Slow inhibitory postsynaptic potentials and hyperpolarization evoked by noradrenaline in the neurones of mammalian sympathetic ganglion.

Slow IPSPs evoked in the neurones of rabbit isolated superior cervical ganglion by repetitive orthodromic stimulation, and a response evoked in the neurones of this ganglion by perfusion of noradrenaline, were studied using intracellular microelectrodes. Slow IPSPs were observed in 36% of neurones studied, and when investigated after treatment with D-tubocurarine and neostigmine, had a mean amplitude of 4.4 +/- 0.2 mV (mean +/- S.E.) and duration of 5 sec to 1.5 min. Two types of slow IPSPs occurring in different neurones were found. The slow IPSP of the first type was followed by a decrease in cell input resistance, was increased by depolarization and decreased by hyperpolarization of the membrane, with the reversal potential, if estimated by extrapolation method, equal to -77.8 +/- 3.3 mV. The slow IPSP of the second type was not followed by any change in cell input resistance, was increased by hyperpolarization and decreased by depolarization. The slow IPSP of the second type was reversibly blocked by phentolamine (1.4 X 10(-4) M).
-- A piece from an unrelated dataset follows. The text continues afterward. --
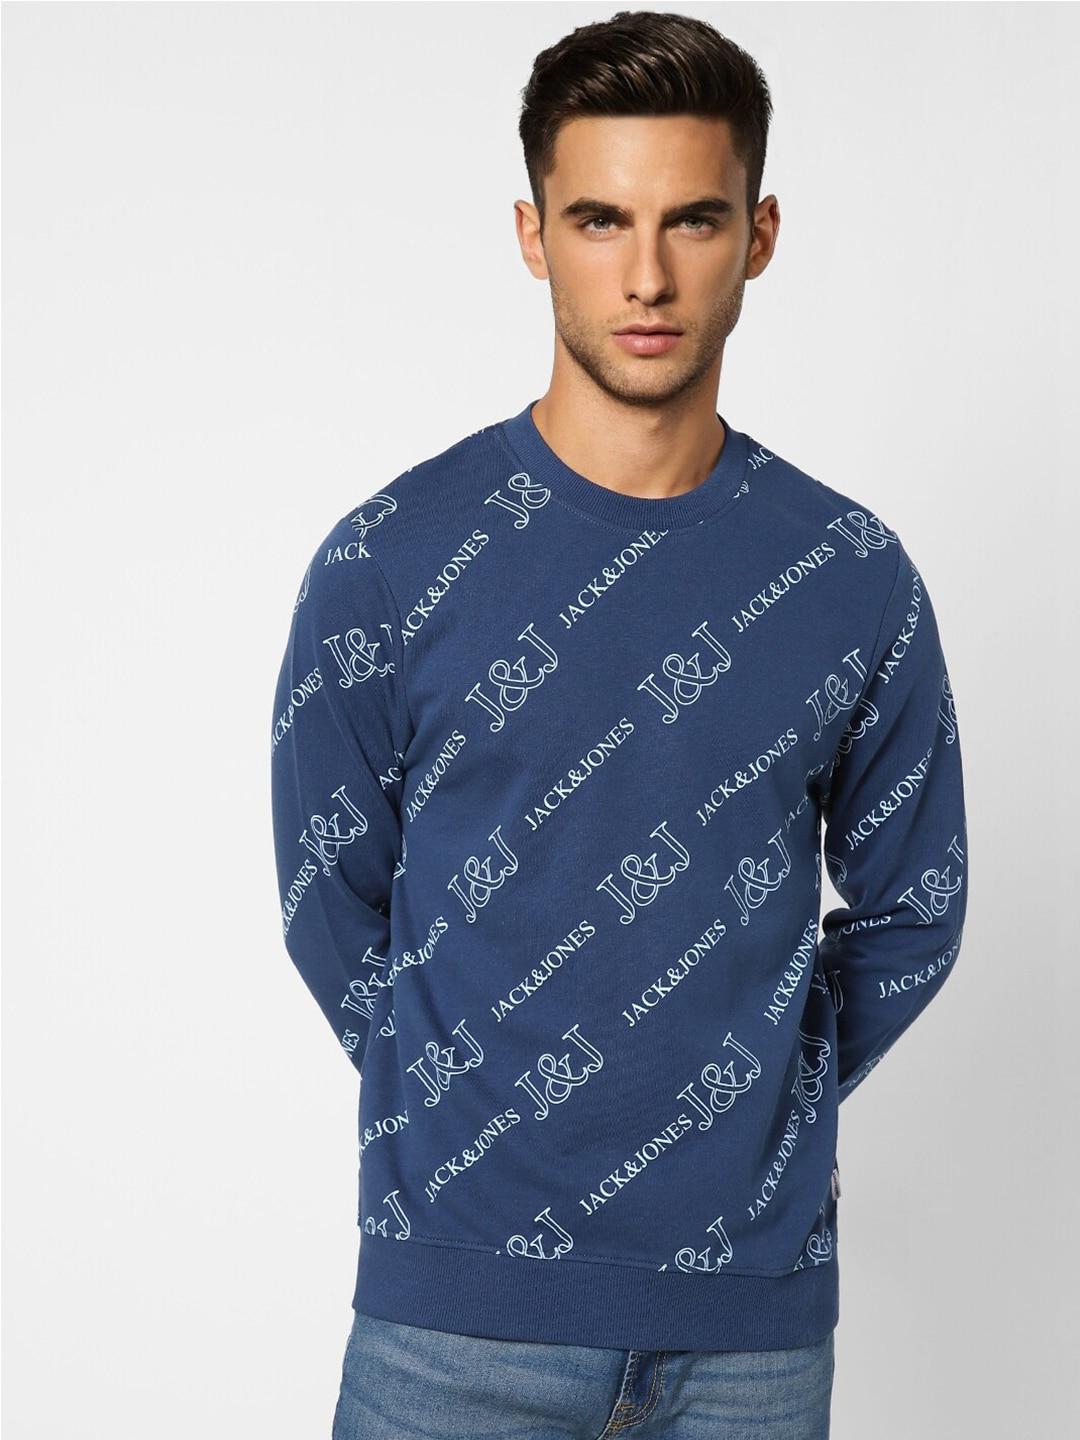 Jack & Jones Men Blue Printed Cotton Sweatshirt

Noradrenaline (1 X 10(-4) M) evoked hyperpolarization or hyperpolarization followed by depolarization in 55% of the neurones studied. Hyperpolarization evoked by noradrenaline had a mean amplitude to 5.0 +/- 0.2 mV, was not followed by any change in cell input resistance, was reversibly blocked by phentolamine (1.4 X 10(-4) M), and was decreased by both depolarization and hyperpolarization of the cell membrane. It has been concluded that there are two groups of neurones in superior cervical ganglia, different with respect to the ionic mechanisms underlying the slow IPSP. In the first group of neurones the slow IPSP is probably due to an increase in potassium permeability of the membrane. The ionic mechanisms underlying the slow IPSP in the second group of neurones of noradrenaline-induced hyperpolarization remain unclear.